Ah, I understand the problem now. I think we can just do

#if _LIBCPP_ABI_VERSION >= 2 // We want to use the function in the dylib in ABIv1
  _LIBCPP_HIDE_FROM_ABI
#endif

That should solve the problem.

Testing a potential fix.

This patch reverts previous attempt and is fixing the preoblem.

The solution is like suggested, using _LIBCPP_ABI_VERSION but around _LIBCPP_HIDE_FROM_ABI_AFTER_V1. Locally works.

philnik accepted this revision.Jul 12 2023, 10:22 PM

LGTM with green CI % nit.

libcxx/include/string
1923

This is already guarded; no need to make it more confusing.

This revision is now accepted and ready to land.Jul 12 2023, 10:22 PM
AdvenamTacet marked 4 inline comments as done.

This update:

  • adds a comment explaining why we guard _LIBCPP_HIDE_FROM_ABI,
  • changes guarded _LIBCPP_HIDE_FROM_ABI_AFTER_V1 to _LIBCPP_HIDE_FROM_ABI.

I will land the patch, if CI stays green.

AdvenamTacet edited the summary of this revision. (Show Details)Jul 13 2023, 8:10 PM

This update removes __grow_by from _LIBCPP_STRING_UNSTABLE_EXTERN_TEMPLATE_LIST in libcxx/include/__string/extern_template_lists.h.

Hey @philnik, I made additional self-review and realized that the commit does not remove the function from _LIBCPP_STRING_UNSTABLE_EXTERN_TEMPLATE_LIST, so I fix it in this update. Unfortunatelly, _LIBCPP_HIDE_FROM_ABI_AFTER_V1 still does not work.
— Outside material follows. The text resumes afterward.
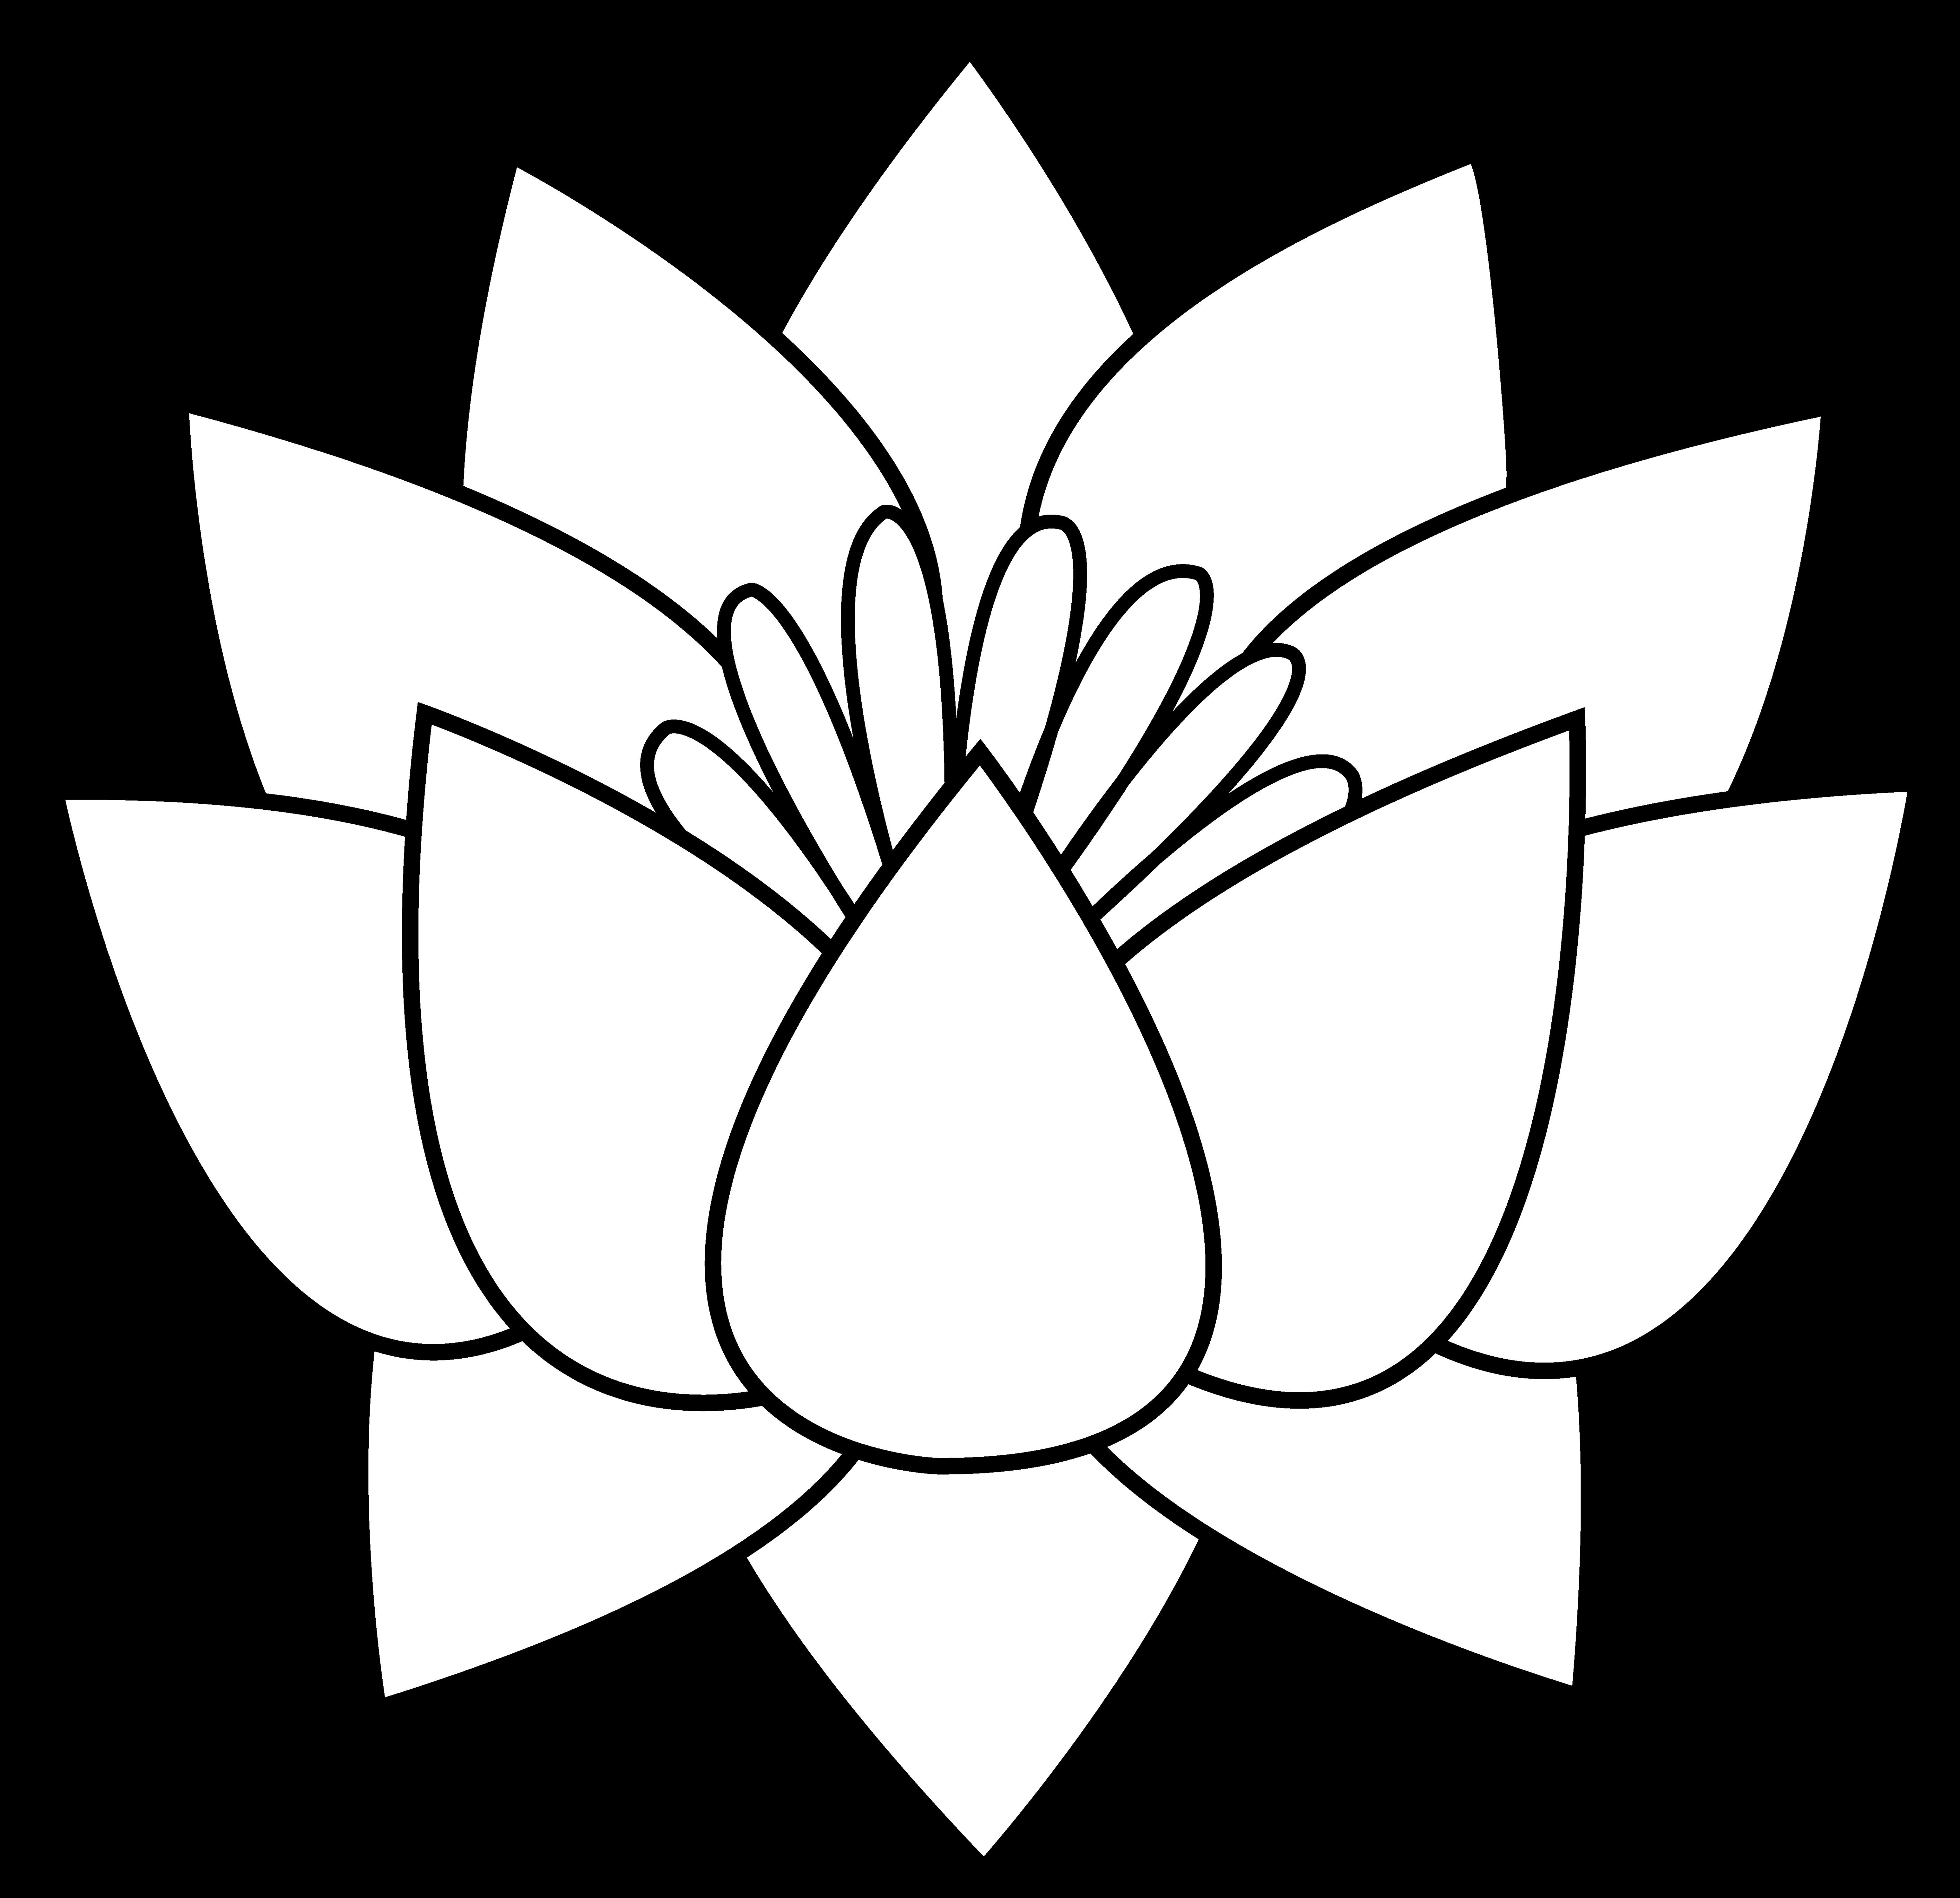 Flower Outline Drawing | Free download best Flower Outline
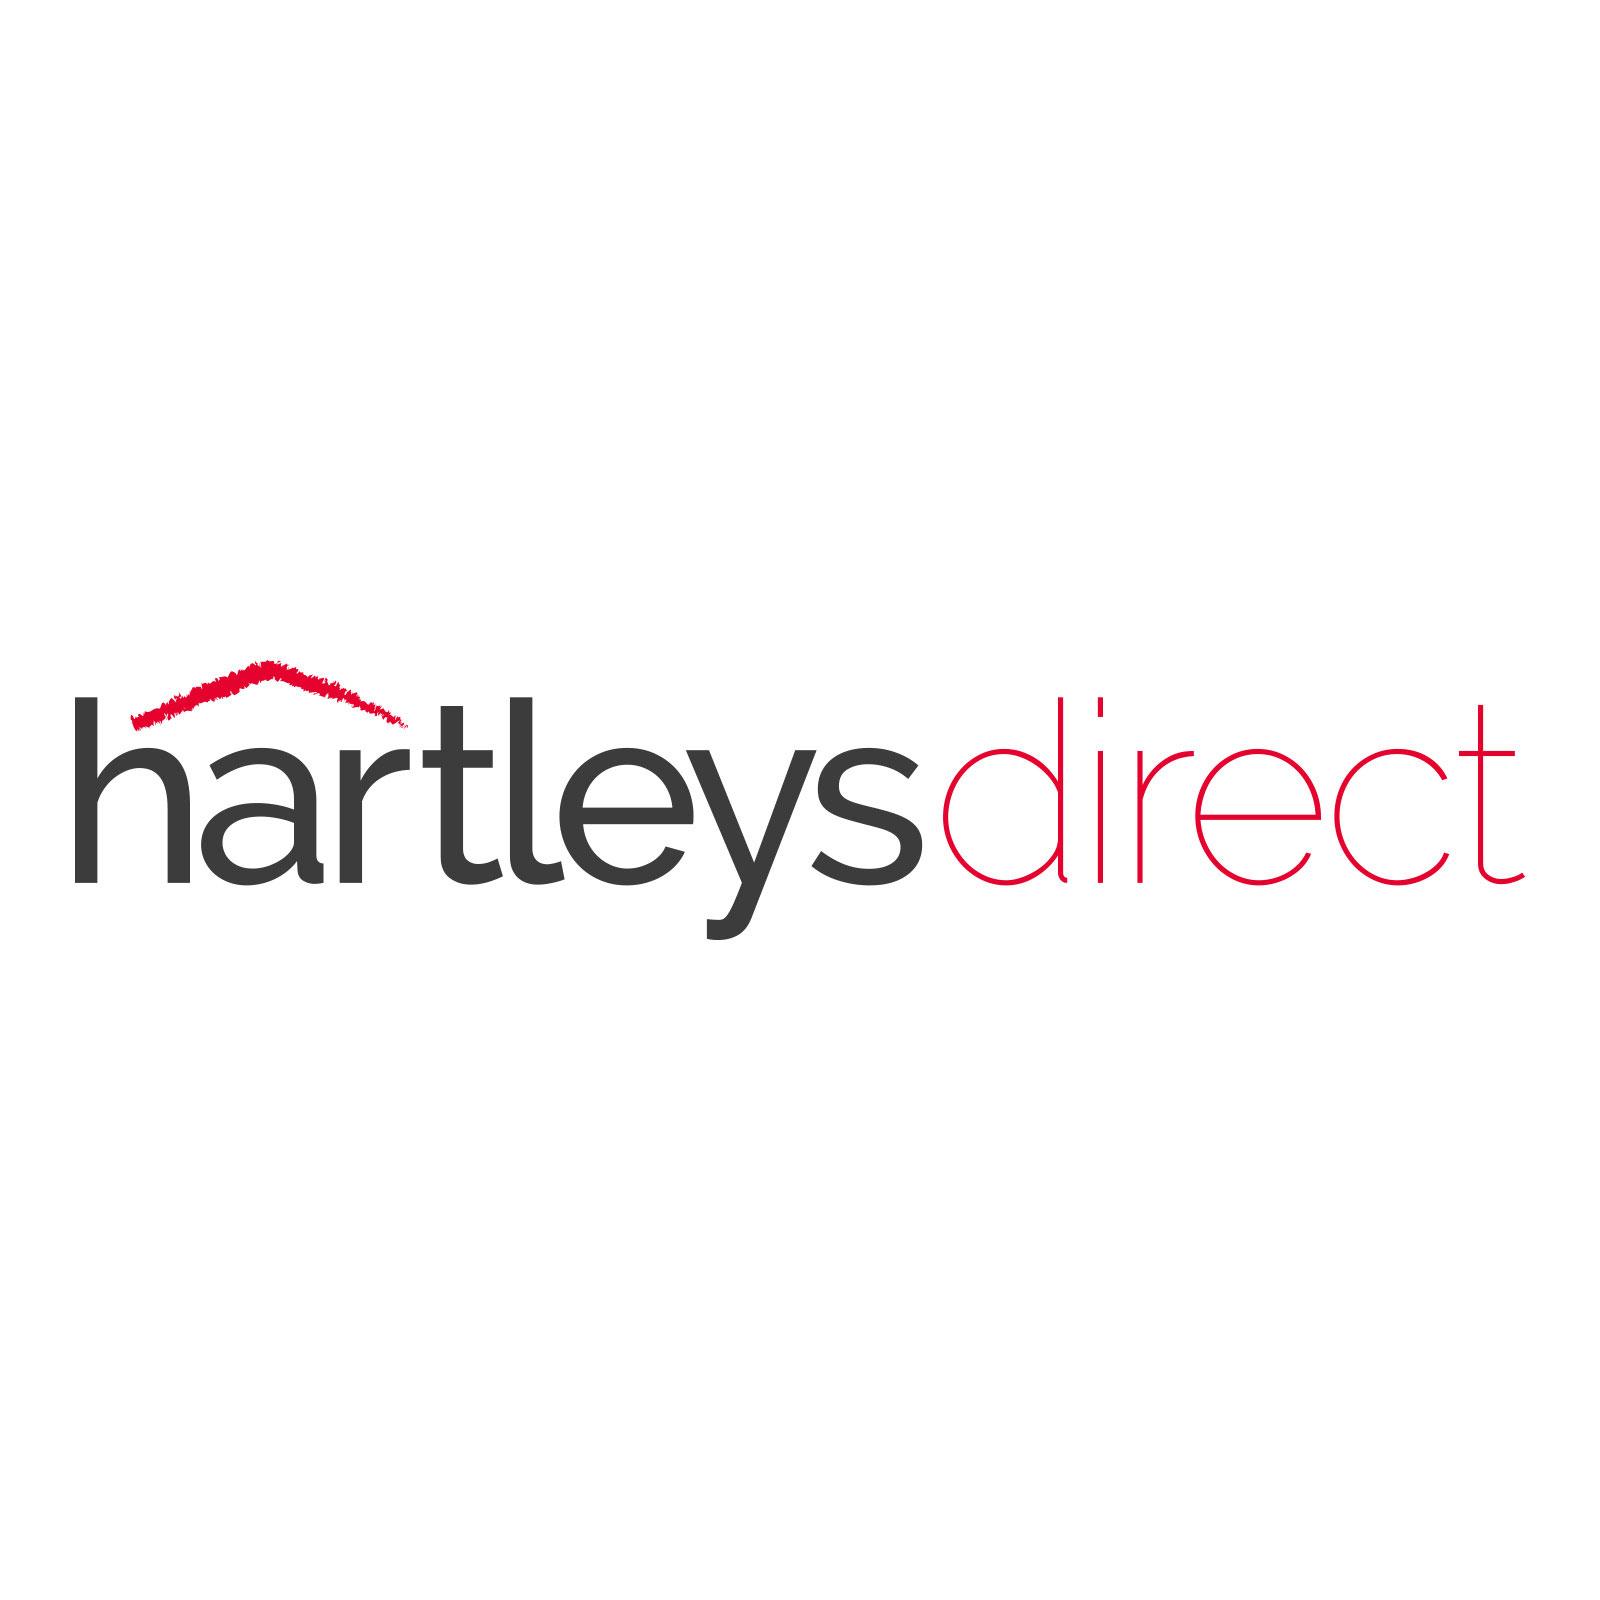 Hartleys-Japanese-Room-Dividers-on-a-White-Background.jpg

AdvenamTacet added inline comments.Jul 13 2023, 8:29 PM
libcxx/include/string
1921–1930

Thank you for suggestions! It works!

But fact that we cannot use _LIBCPP_HIDE_FROM_ABI_AFTER_V1 made me ask a question, if we are doing everything correctly, which led to realization that I don't remove __grow_by function from ABIv2. I fixed it by removing it from _LIBCPP_STRING_UNSTABLE_EXTERN_TEMPLATE_LIST.

Unfortunately, _LIBCPP_HIDE_FROM_ABI_AFTER_V1 still does not work.
Now I believe everything it correct and ready to land. I will land it Tomorrow.